Disgusted at the callous lack of justice from the courts, Lundstrom quit his job of 25 years at Sandia National Laboratory, sold his house, and moved away from Albuquerque.

“I lost faith,” said Lundstrom. “I think it was the first time when the judge sat down and said, ‘Ah, they’re police officers, they’re allowed to make mistakes.’”

The ultimate Catch-22

So how did such a callous and dangerous instance of bad policing result in zero consequences for the officers involved? Two magic words: qualified immunity. Qualified immunity is a legal concept invented out of whole cloth by the U.S. Supreme Court beginning in the late 1960s to protect police officers from ‘frivolous lawsuits’ and financial liability when they were acting in good faith under circumstances where the law might not be completely clear. At first blush, that might sound entirely reasonable. Who would want to punish someone who was doing their best in a tough situation?

The problem is that qualified immunity has made it practically impossible to hold law enforcement and other public officials accountable when they violate people’s constitutional rights. The framers of the U.S. Constitution anticipated that all government authority is bound to be abused, so they built in mechanisms to protect individuals.

In Section 1983 of the U.S. Constitution, they laid out that individuals have the right to sue the state and agents of the state for violations of their civil rights. This is crucial, because without this means of redress, the Bill of Rights is just an unenforceable piece of paper.

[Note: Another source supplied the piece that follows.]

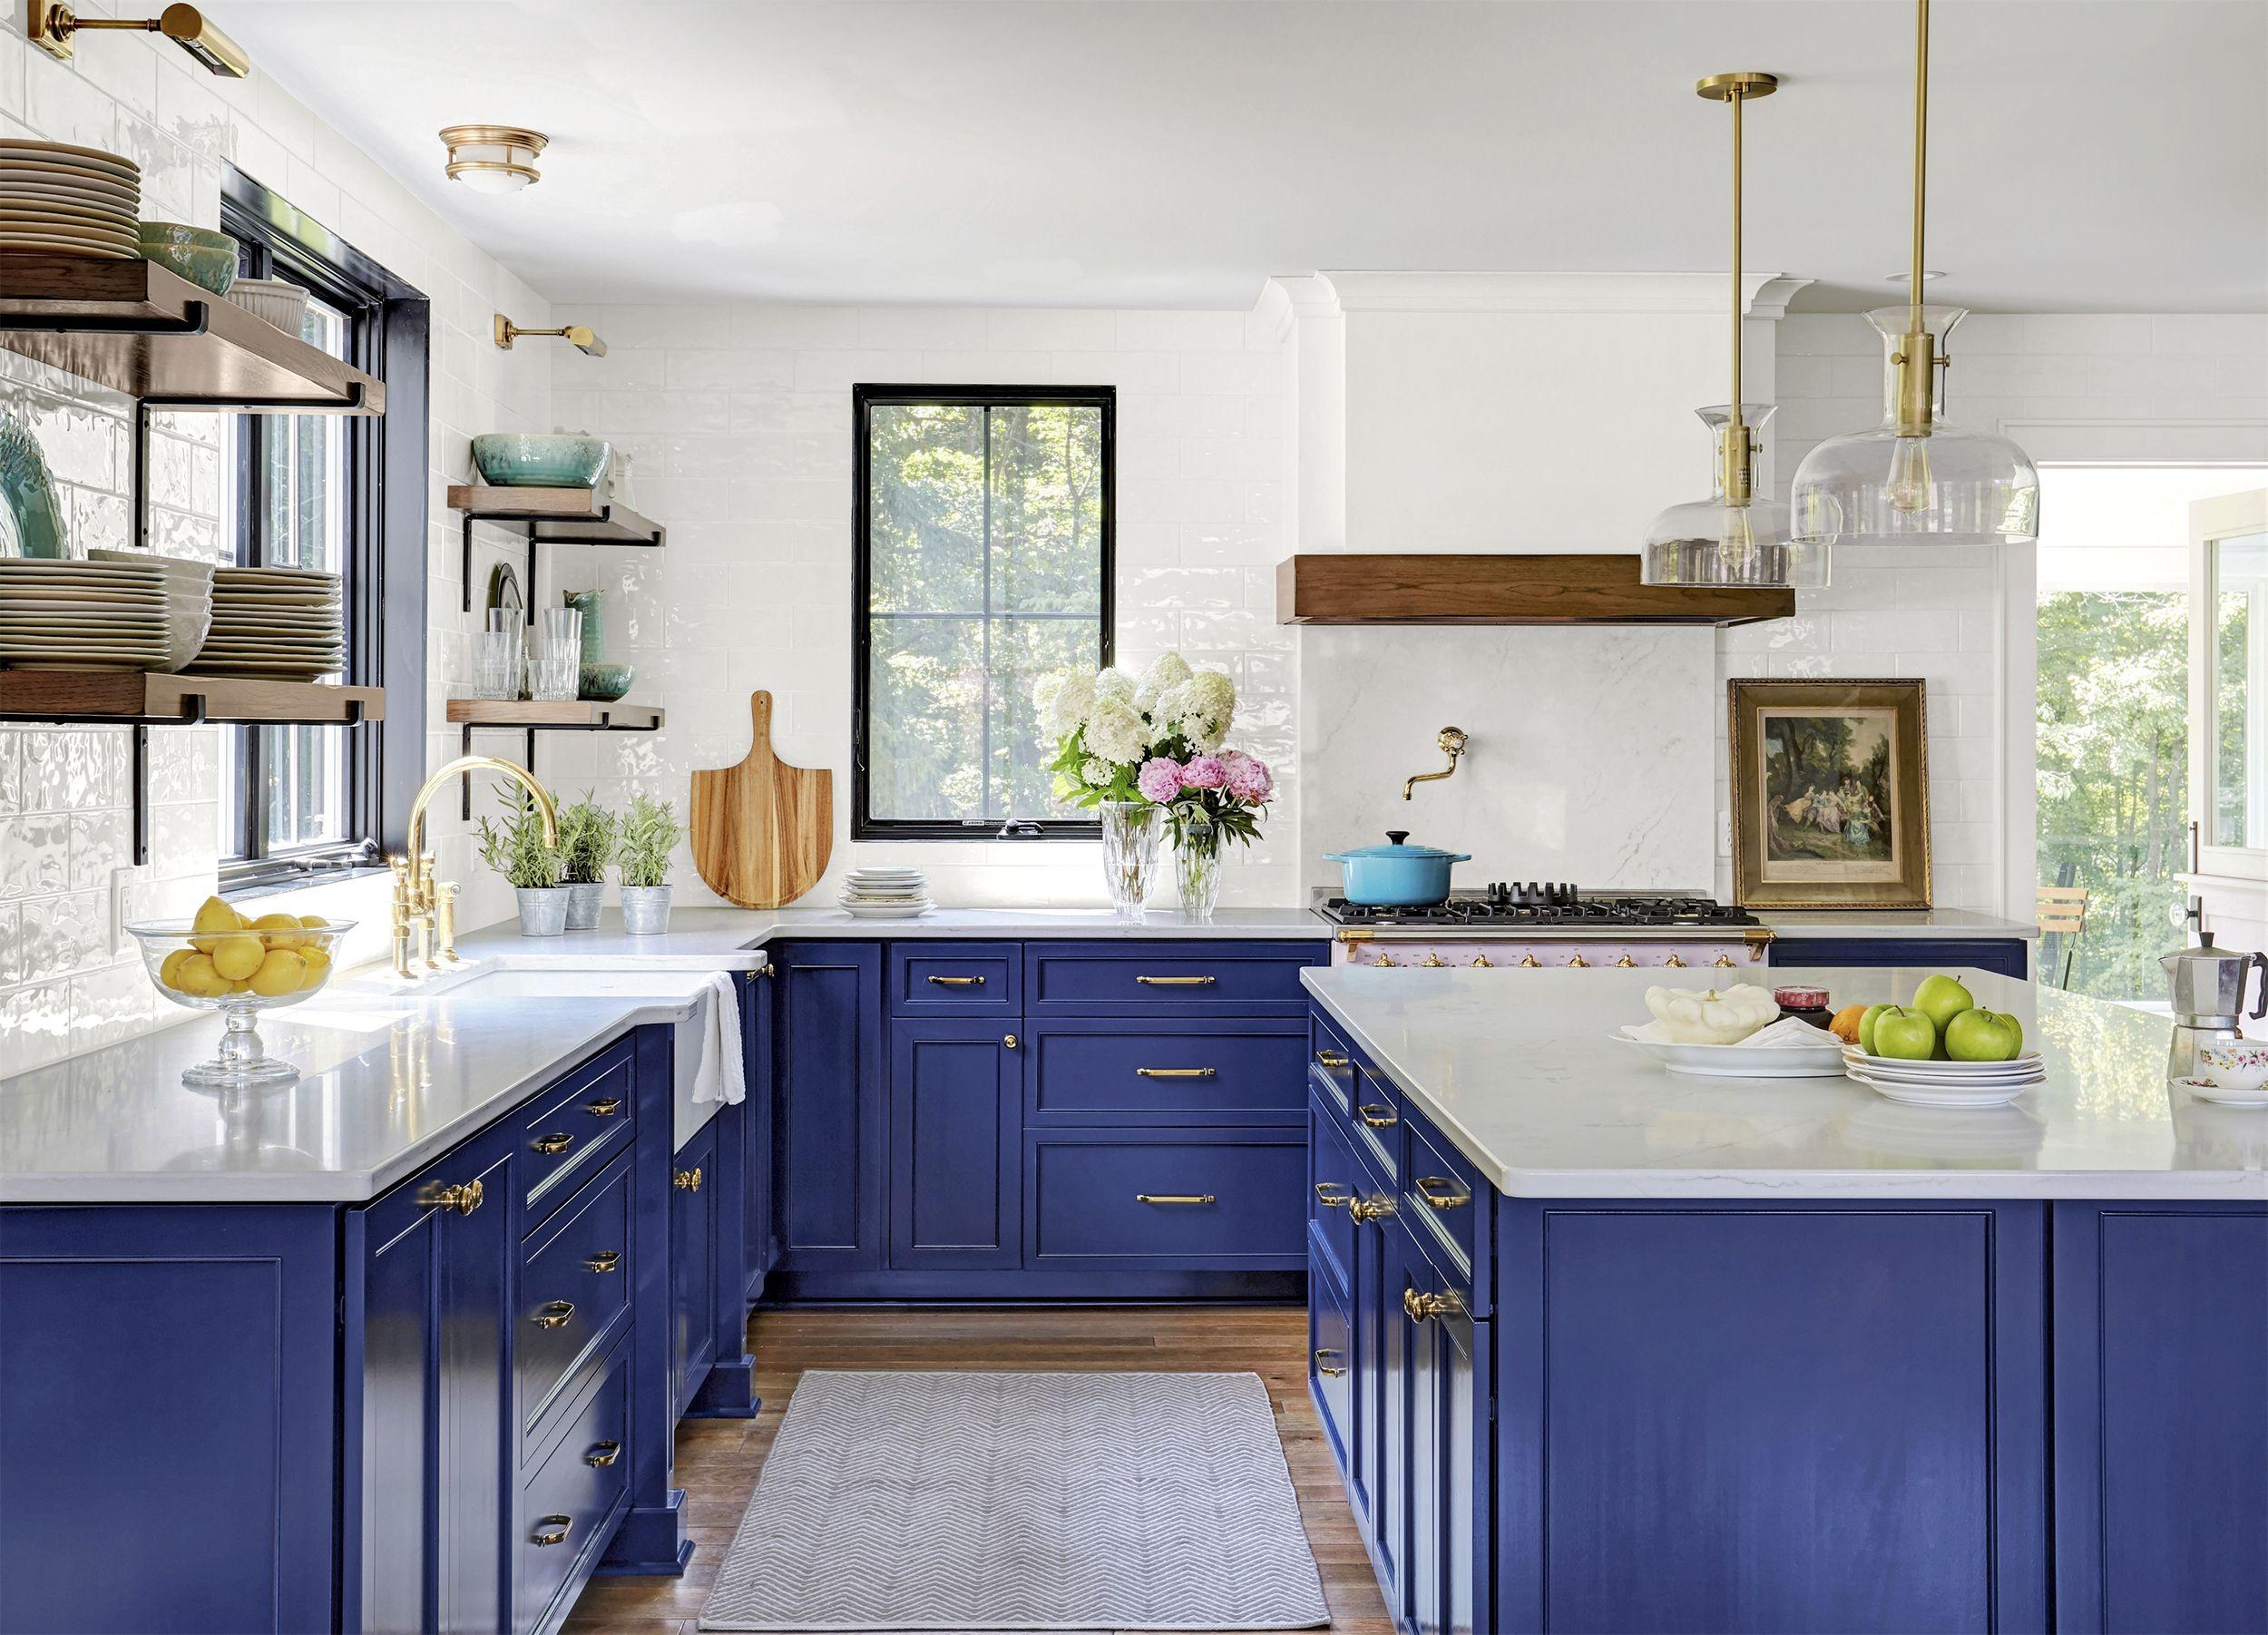 13 Stylish Modern Kitchen Ideas - Contemporary Kitchen ... on Modern Kitchen Ideas  id=72785

One of the key provisions of qualified immunity is that it shields law enforcement from civil suits unless a court determines an officer has violated “clearly established law.” Again, the language on its face sounds reasonable, but in application qualified immunity is one of the leading drivers of injustice in the U.S. legal system. The standard of “clearly established law” has been interpreted by the courts to mean that an officer can’t be held liable for violating an individual’s rights unless a previous case exists with almost the exact same set of facts in which the court has ruled a police officer violated an individual’s civil rights. Here’s some examples of what that has looked like in the real world:

  • In 2014, a homeless man named Alexander Baxter was chased by police officers and a police dog in Nashville, TN after he was spotted in the vicinity of a reported robbery. When Mr. Baxter sat down and raised his hands to surrender, the officer released the dog, who mauled Baxter so severely he had to be hospitalized. When Baxter filed a lawsuit, the court threw it out citing qualified immunity because in the closest prior case where wrongdoing had been determined a man had been mauled by a police dog while lying down—not sitting with his hands up.
  • Also in 2014, a Coffee County, Georgia Sheriff’s Deputy Michael Vickers was attempting to execute a warrant for a criminal suspect when the ensuing pursuit spilled over into a nearby family’s yard. When the family dog challenged the deputy’s intrusion, Vickers opened fire on the family pet and accidentally shot a ten-yearold child in the leg, one of three children in the yard with the dog. When the family sued, the judge granted qualified immunity to the officer because no earlier case held that it was unconstitutional for a police officer to open fire into a group of children.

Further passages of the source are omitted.